支持连续变量和类别变量，类别变量就是某个属性有三个值,a,b,c，需要用Feature Transformers中的vectorindexer处理

上来是一堆参数

setMaxDepth：最大树深度

setMaxBins：最大装箱数，为了近似统计变量，比如变量有100个值，我只分成10段去做统计

setMinInstancesPerNode：每个节点最少实例

setMinInfoGain：最小信息增益

setMaxMemoryInMB：最大内存MB单位，这个值越大，一次处理的节点划分就越多

setCacheNodeIds：是否缓存节点id，缓存可以加速深层树的训练

setCheckpointInterval：检查点间隔，就是多少次迭代固化一次

setImpurity：随机森林有三种方式，entropy，gini,variance,回归肯定就是variance

setSubsamplingRate：设置采样率，就是每次选多少比例的样本构成新树

setSeed：采样种子，种子不变，采样结果不变

setNumTrees：设置森林里有多少棵树

setFeatureSubsetStrategy：设置特征子集选取策略，随机森林就是两个随机，构成树的样本随机，每棵树开始分裂的属性是随机的，其他跟决策树区别不大，注释这么写的

* The number of features to consider for splits at each tree node.
* Supported options:
* - "auto": Choose automatically for task://默认策略
* If numTrees == 1, set to "all." //决策树选择所有属性
* If numTrees > 1 (forest), set to "sqrt" for classification and //决策森林分类选择属性数开平方，回归选择三分之一属性
* to "onethird" for regression.
* - "all": use all features
* - "onethird": use 1/3 of the features
* - "sqrt": use sqrt(number of features)
* - "log2": use log2(number of features) //还有取对数的
* (default = "auto")
*
* These various settings are based on the following references:
* - log2: tested in Breiman (2001)
* - sqrt: recommended by Breiman manual for random forests
* - The defaults of sqrt (classification) and onethird (regression) match the R randomForest
* package.

参数完毕，下面比较重要的是这段代码

val categoricalFeatures: Map[Int, Int] =
MetadataUtils.getCategoricalFeatures(dataset.schema($(featuresCol)))

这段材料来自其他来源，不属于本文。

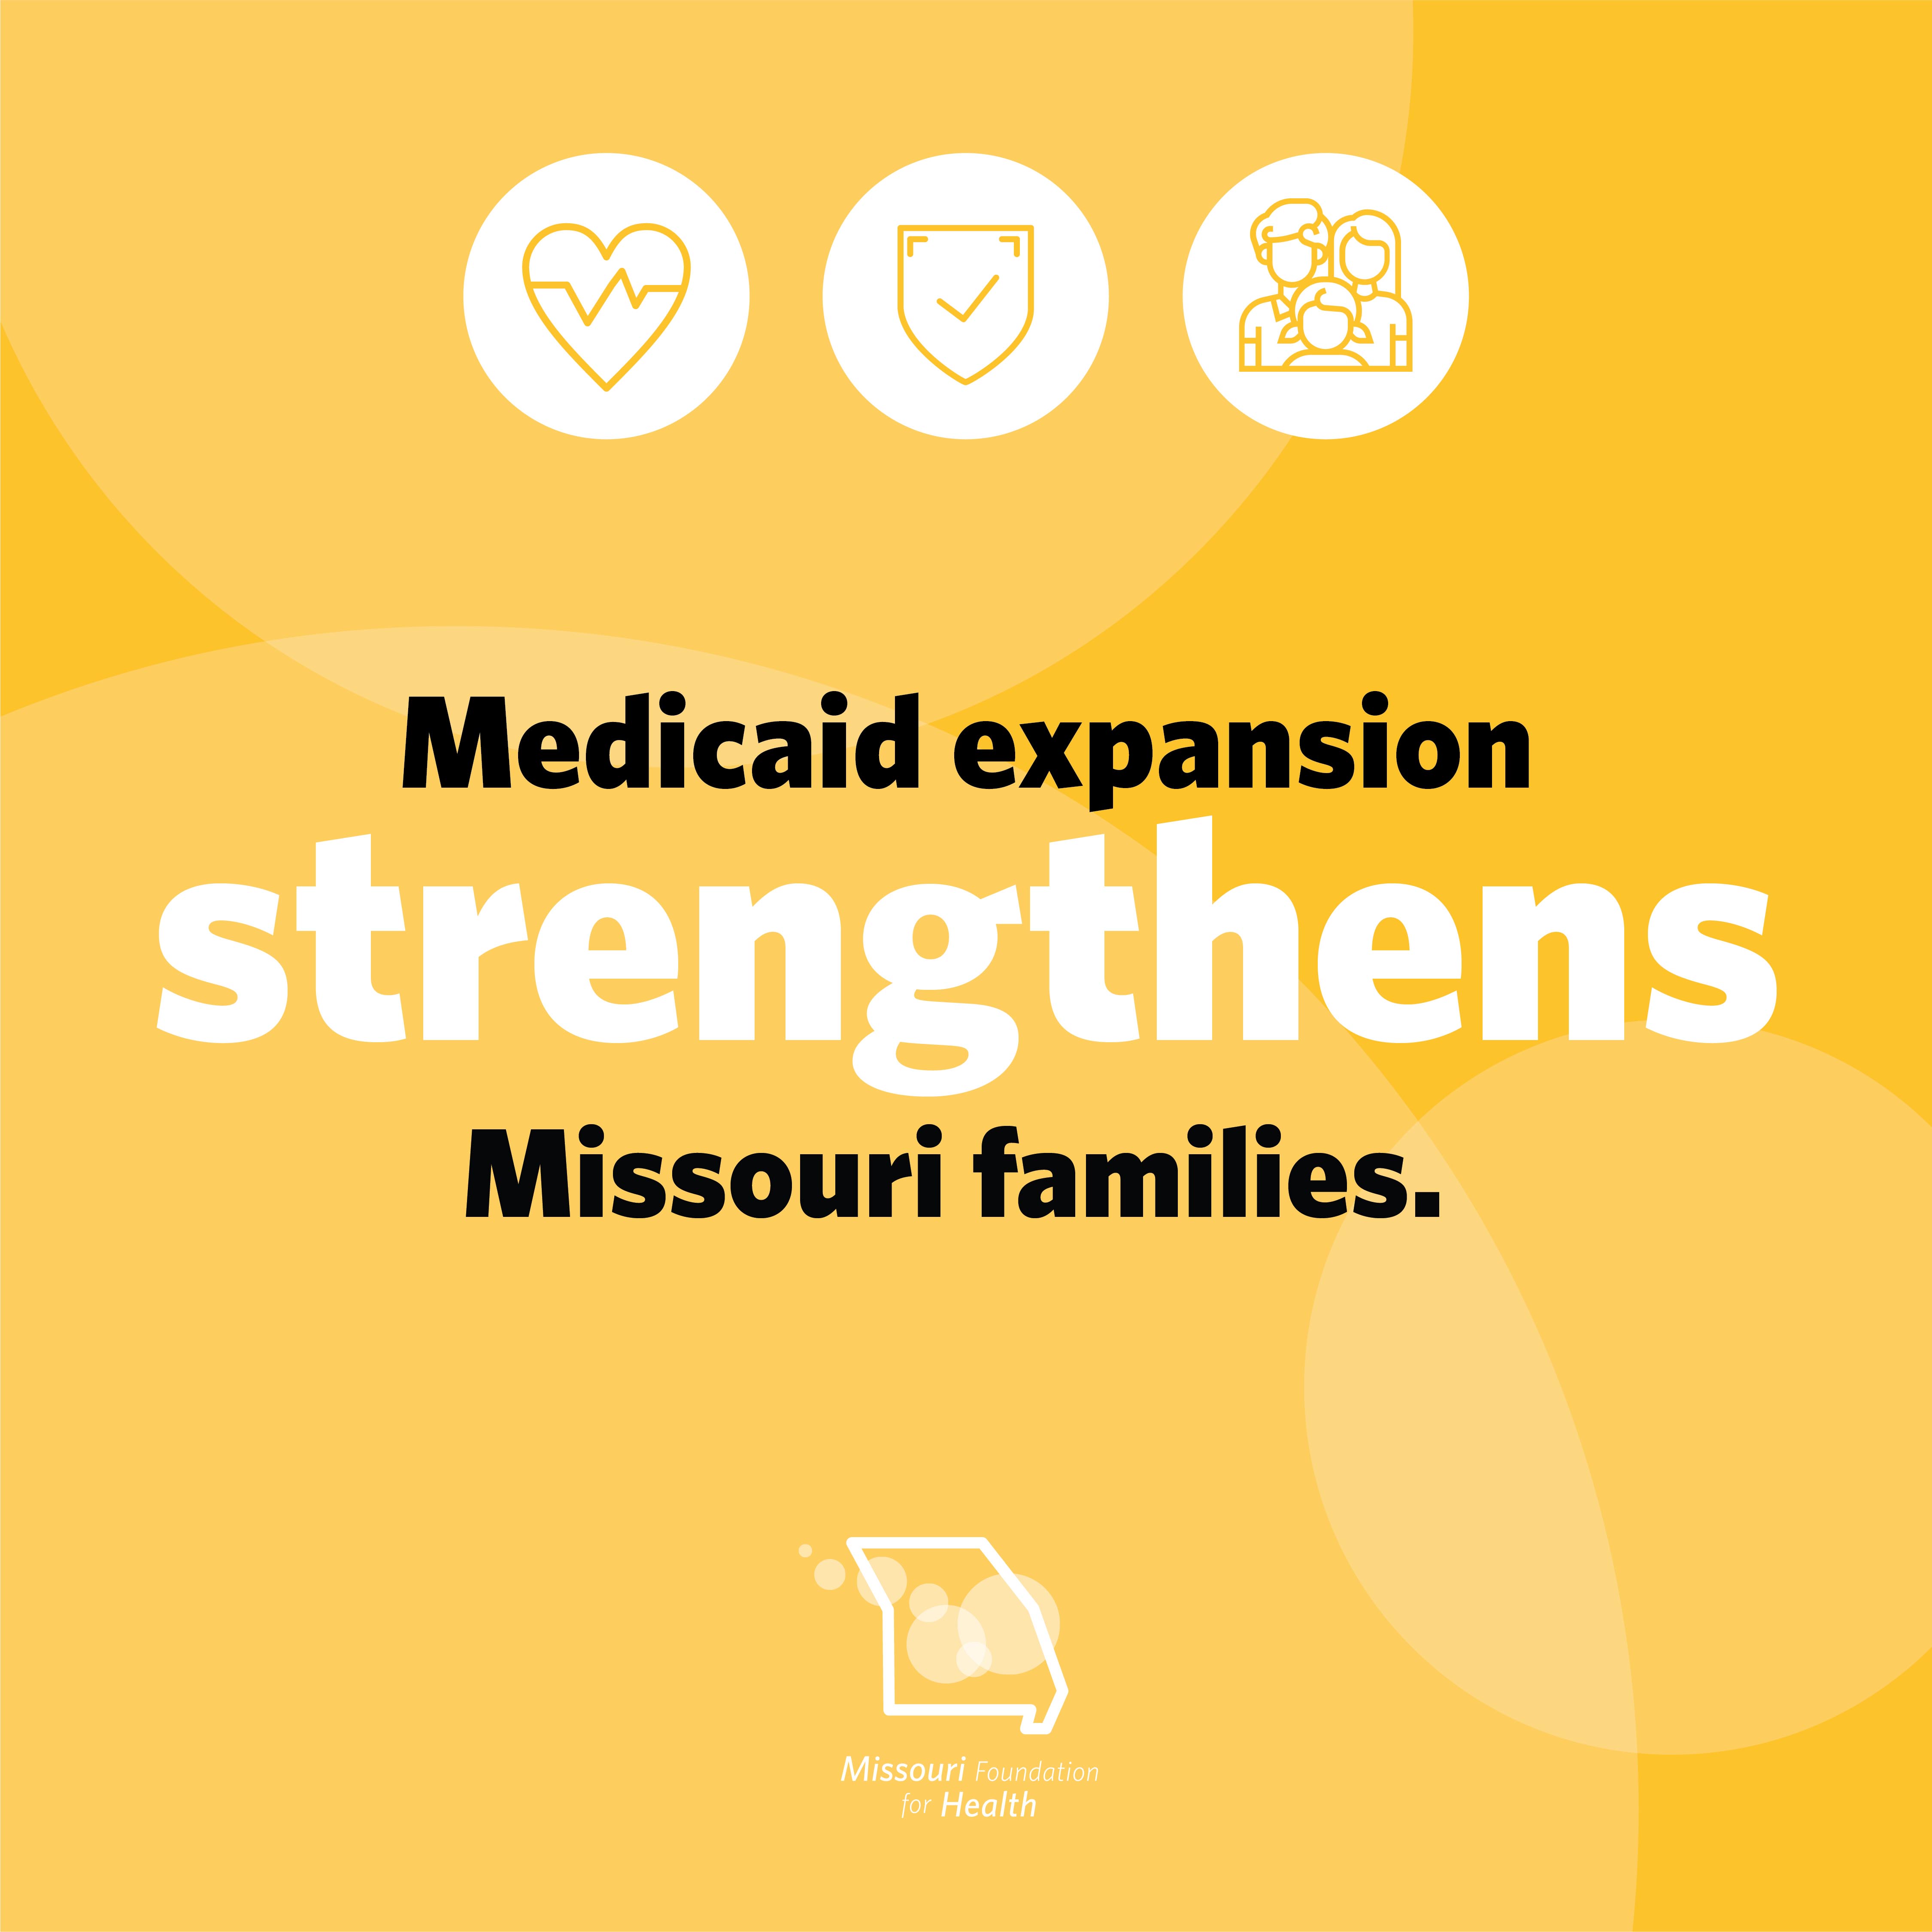 Graphic with icons of a heart with heartbeat, shield with checkmark, and family and text below that states Medicaid expansion strengthens Missouri families. with the Missouri Foundation for Health logo.

这个地比较蛋疼的是dataset.schema($(featuresCol))

/** An alias for [[getOrDefault()]]. */
protected final def $[T](param: Param[T]): T = getOrDefault(param)

这段代码说明了$(featuresCol))只是求出一个字段名，实战中直接data.schema("features") ，data.schema("features")出来的是StructField，

case classStructField(name: String, dataType: DataType, nullable: Boolean = true, metadata: Metadata = Metadata.empty) extendsProduct with Serializable

StructField包含四个内容，最好知道一下，机器学习代码很多都用

回头说下getCategoricalFeatures，这个方法是识别一个属性是二值变量还是名义变量，例如a,b就是二值变量，a,b,c就是名义变量，最终把属性索引和变量值的个数放到一个map

这个函数的功能和vectorindexer类似，但是一般都用vectorindexer，因为实战中我们大都从sql读数据，sql读出来的数据metadata是空，无法识别二值变量还是名义变量

后面是

val oldDataset: RDD[LabeledPoint] = extractLabeledPoints(dataset)
val strategy =
super.getOldStrategy(categoricalFeatures, numClasses = 0, OldAlgo.Regression, getOldImpurity)
val trees =
RandomForest.run(oldDataset, strategy, getNumTrees, getFeatureSubsetStrategy, getSeed)
.map(_.asInstanceOf[DecisionTreeRegressionModel])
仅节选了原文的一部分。